DATA PROVIDED:

━━━

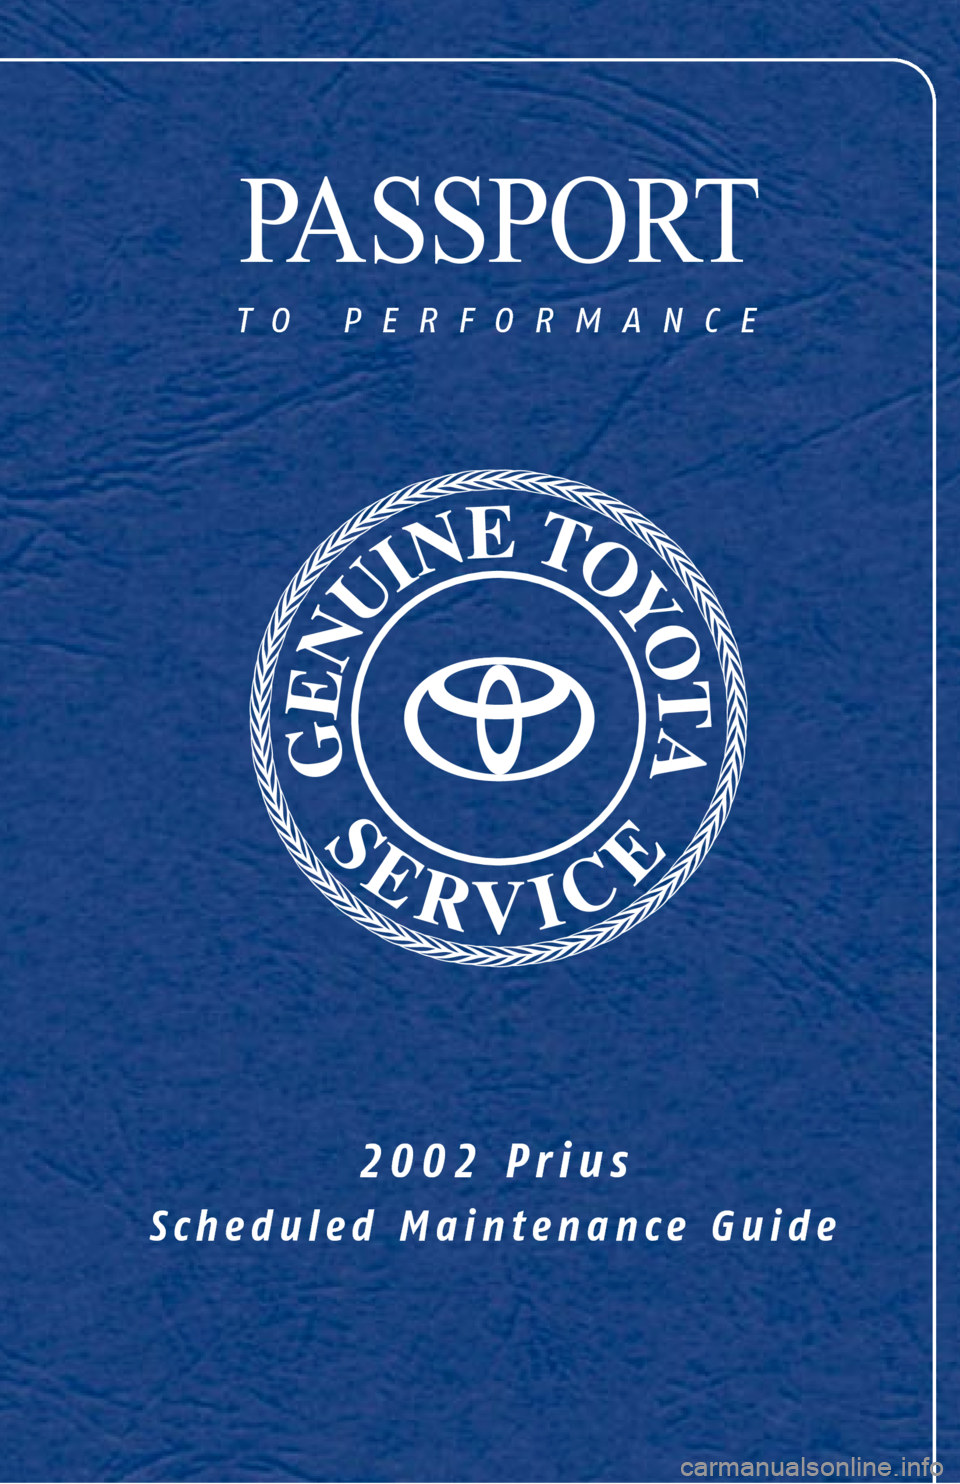 TOYOTA PRIUS 2002 1.G Scheduled Maintenance Guide PASSPORT
to performance
2002 Prius
Scheduled Maintenance Guide

━━━

PROMPT: Leaving out the pictures, restate the listing above exactly.

PROBLEM SOLUTION:
 TOYOTA PRIUS 2002 1.G Scheduled Maintenance Guide PASSPORT
to performance
2002 Prius
Scheduled Maintenance Guide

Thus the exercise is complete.